It is very overwhelming to be online. There is so much information and much of it is contradictory.

My mother's neurologist said she had "mild als"...what does that mean?

So here are some of the things I would appreciate some advice on:
1. How credible is "Eric is Winning?" My mother has drawn a considerable amount of hope from reading his writings and is about to embark on getting hair analysis and cleaning her colon. She is drinking alkaline water (which she says has increased her energy) and started eating organic vegetables. Have any of you taken this route?
2. She has had symptoms of weakness in her right waist and right leg which challenge her in walking, especially stair climbing. However, she has not regressed significantly for the past year. Should we be in a rush to start the Rilutek or wait to see if things start to worsen?
3. What type of physical therapies will help her maintain her mobility (she is currently using a cane).
4. How does one balance optimism for a cure and preparing for an unknown reality?
5. I have watched my mom choke with horror twice and don't know how to help her when she is wheezing.

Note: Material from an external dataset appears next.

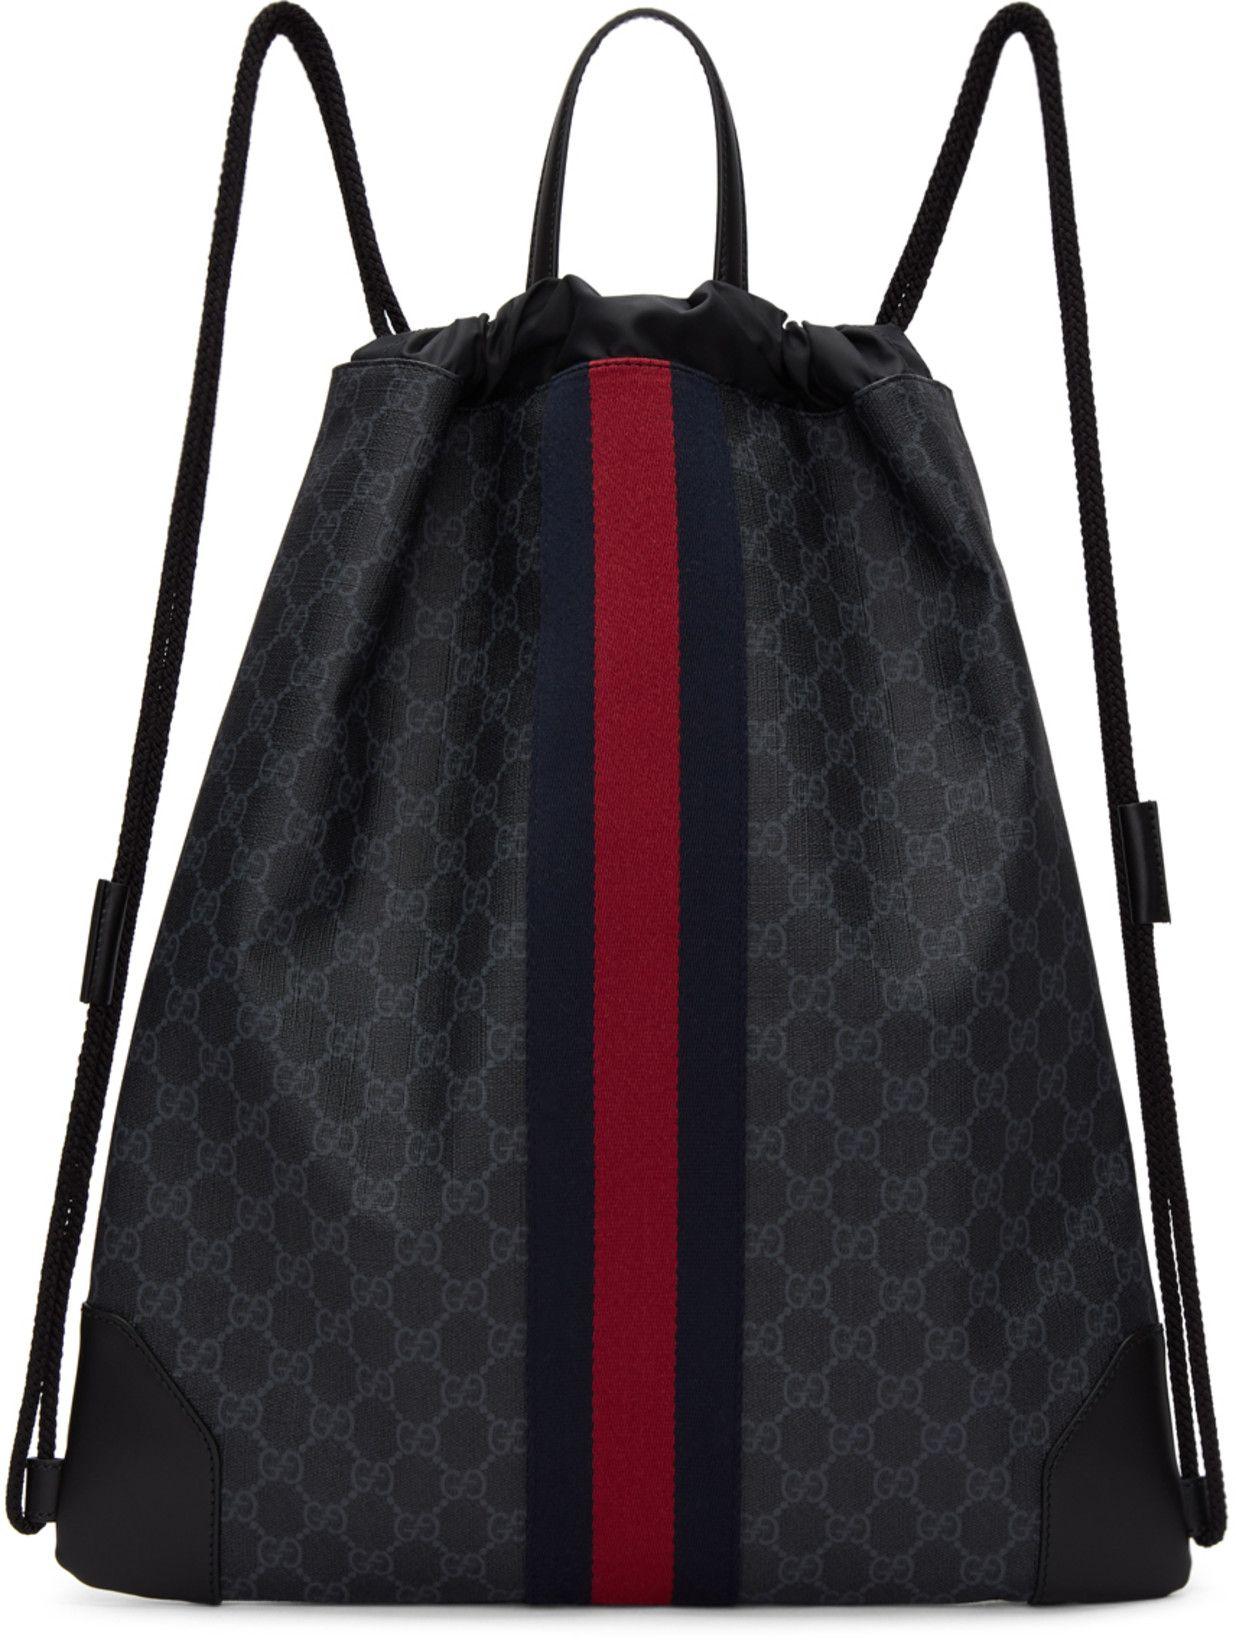 1c0ede1d190c0d Gucci - Black GG Supreme Drawstring Backpack | Bags | Bags ...
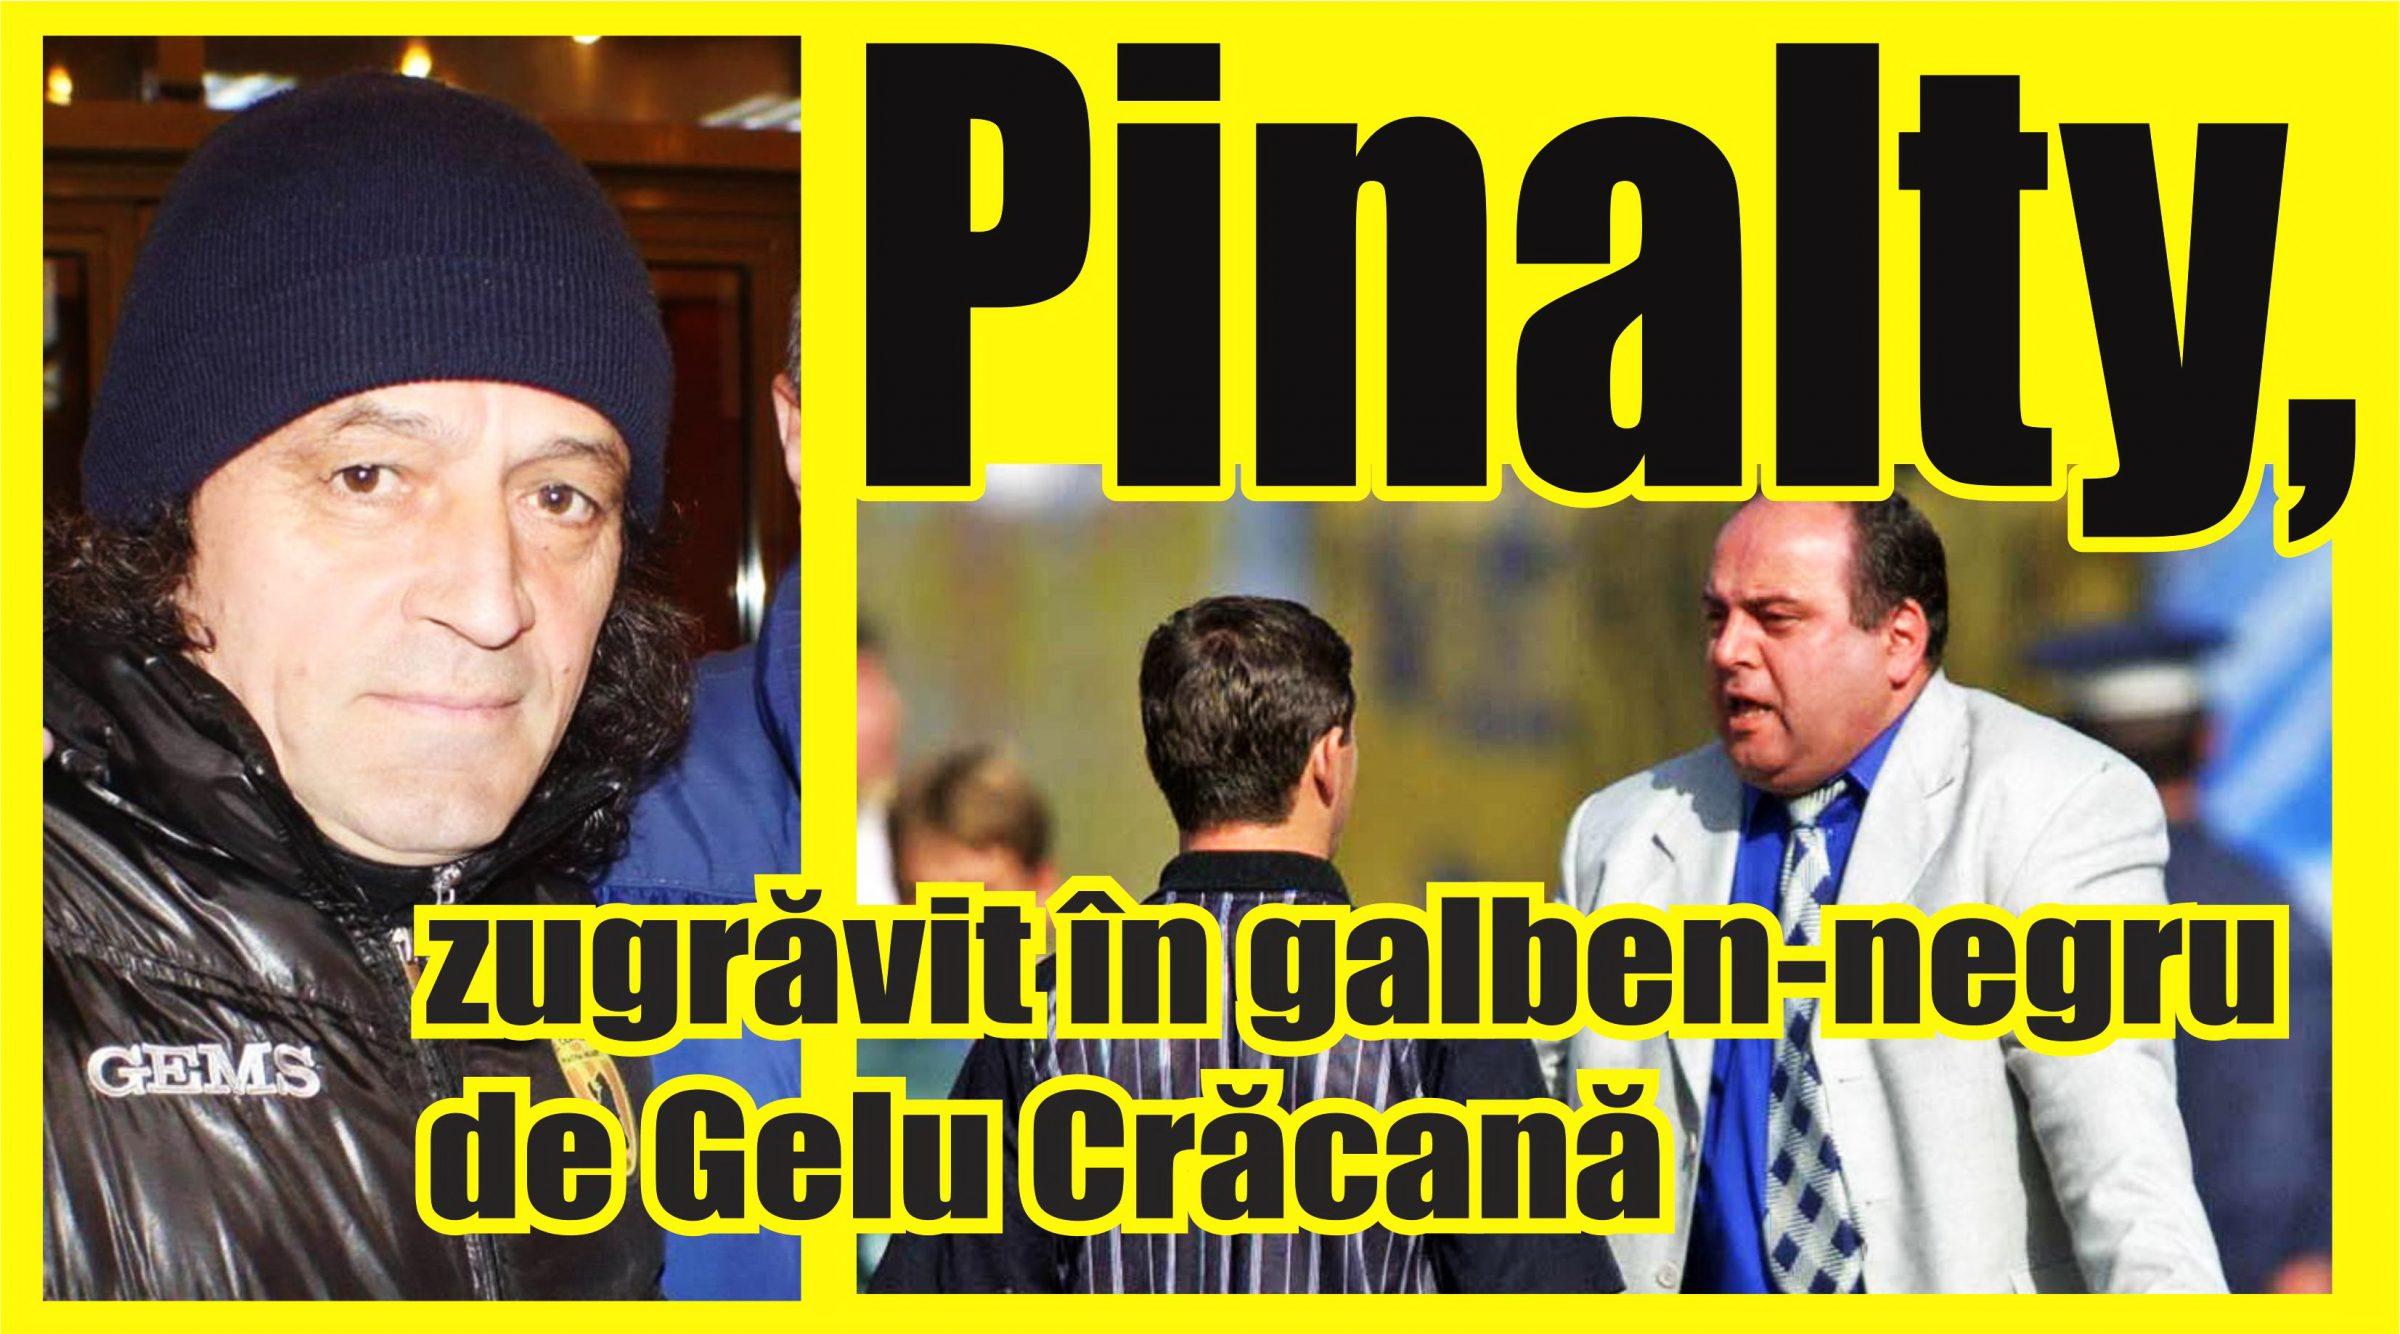 cop-cracana

What should bystanders do in this situation?
6. Are there any alternative doctors in the Toronto area familiar with dealing with ALS?

From what I gather, each person must personally design their own cocktail of western, spiritual and alternative healing practices to walk this journey of faith.

I do believe that love makes a huge difference and the bonding and praying my family has done together has certainly strengthened us a great deal during this time.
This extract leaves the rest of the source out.